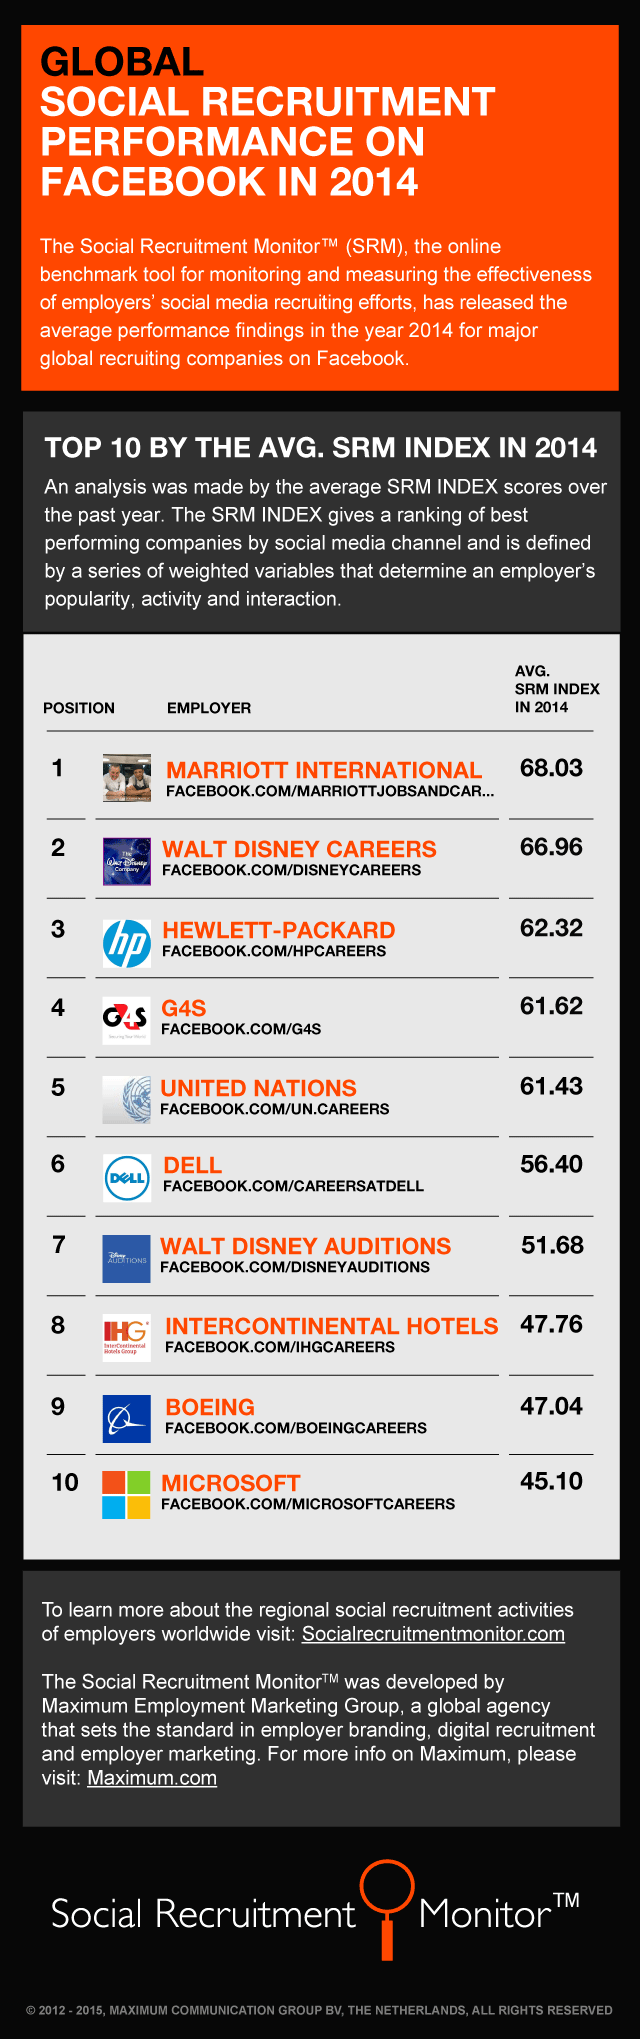 Top performing global employers using Facebook for recruiting
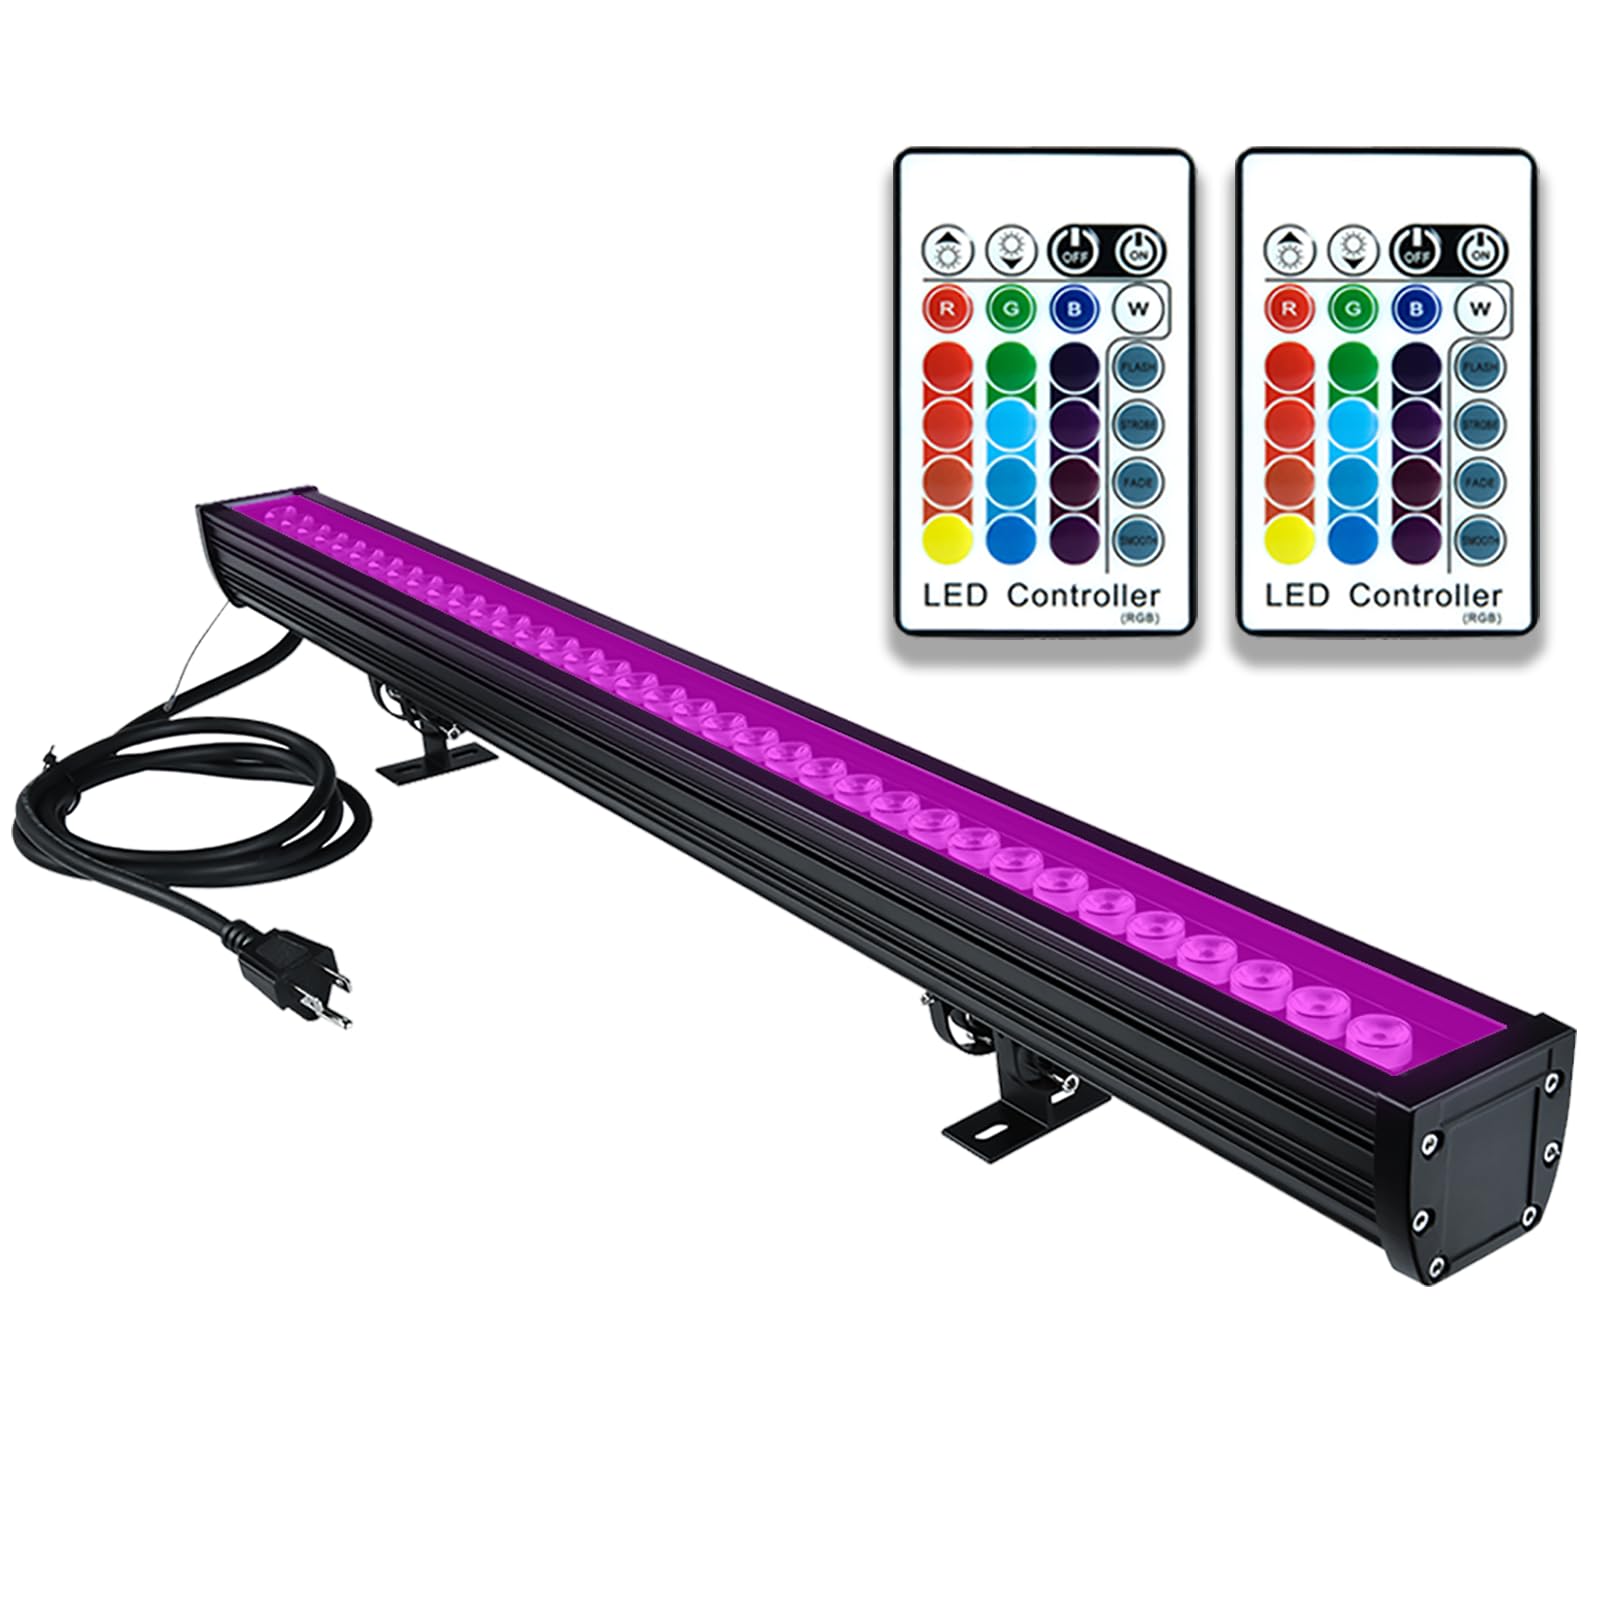 Wall Washer LED Lights,108W RGBW Color Changing LED Strip Lights with RF Remote,120V, 3.2ft/40 "Linear RGB LED Lights Bar for Outdoor/Indoor Lighting Projects Carnival Party Stage Bar Decor
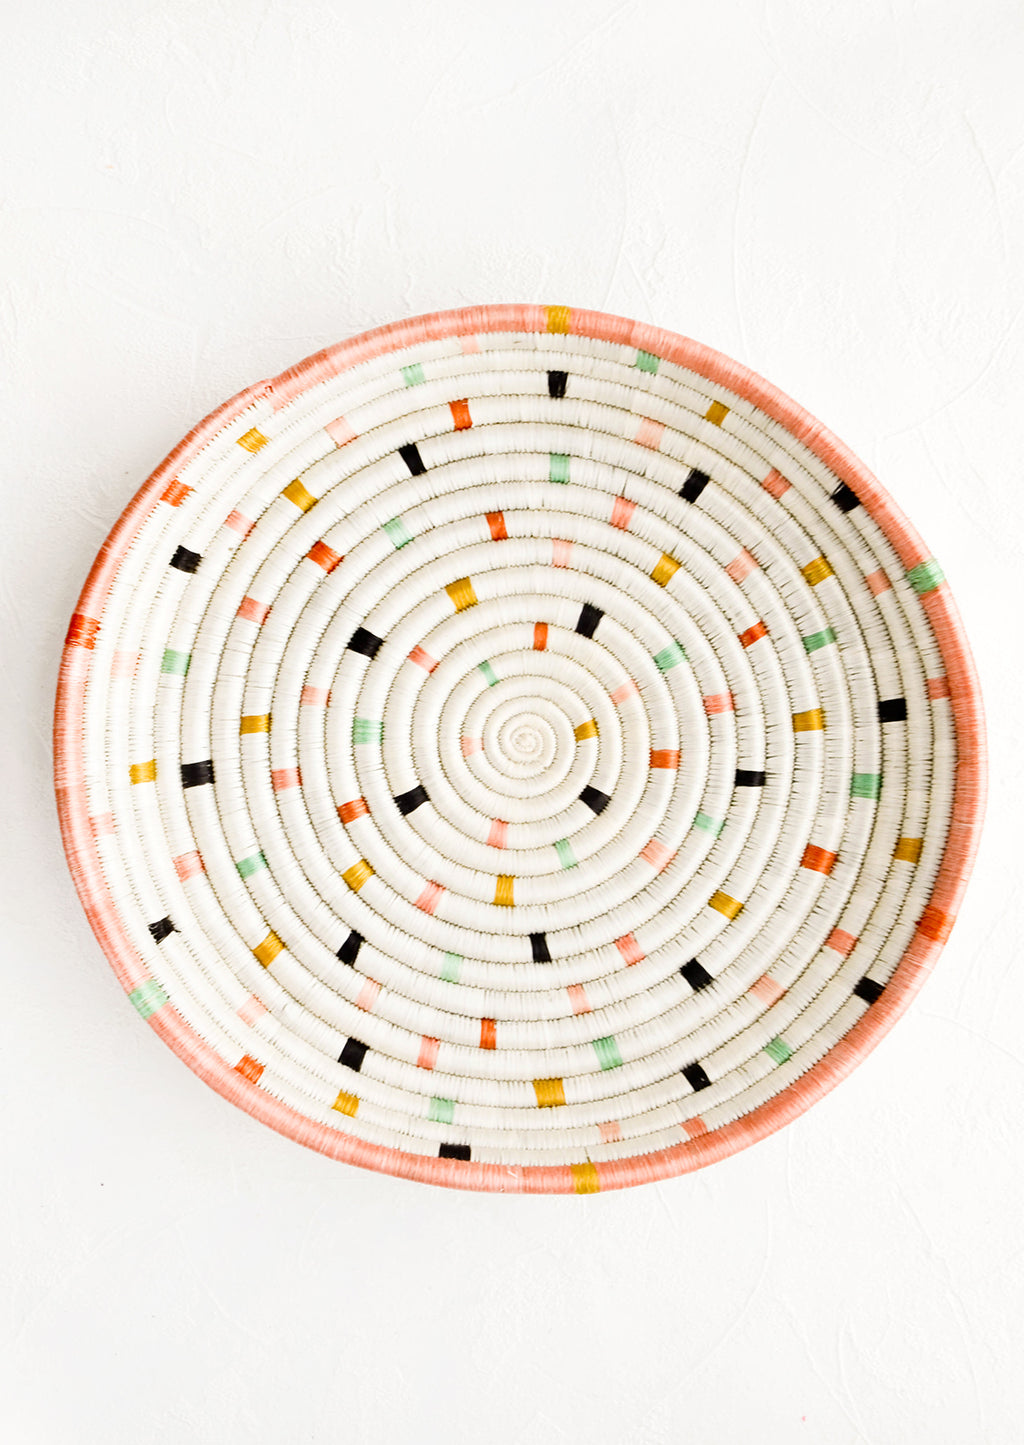 3: Round, shallow serving tray made from woven sweetgrass. Ivory with pastel colored dashes and peach rim.
--------------------------------------------------
[PROBLEM REQUIREMENTS]: Make an exact printout of the listing above, omitting the images.

[ANSWER SECTION]:
 Top performing global employers using Facebook for recruiting
 Wall Washer LED Lights,108W RGBW Color Changing LED Strip Lights with RF Remote,120V, 3.2ft/40 "Linear RGB LED Lights Bar for Outdoor/Indoor Lighting Projects Carnival Party Stage Bar Decor
 3: Round, shallow serving tray made from woven sweetgrass. Ivory with pastel colored dashes and peach rim.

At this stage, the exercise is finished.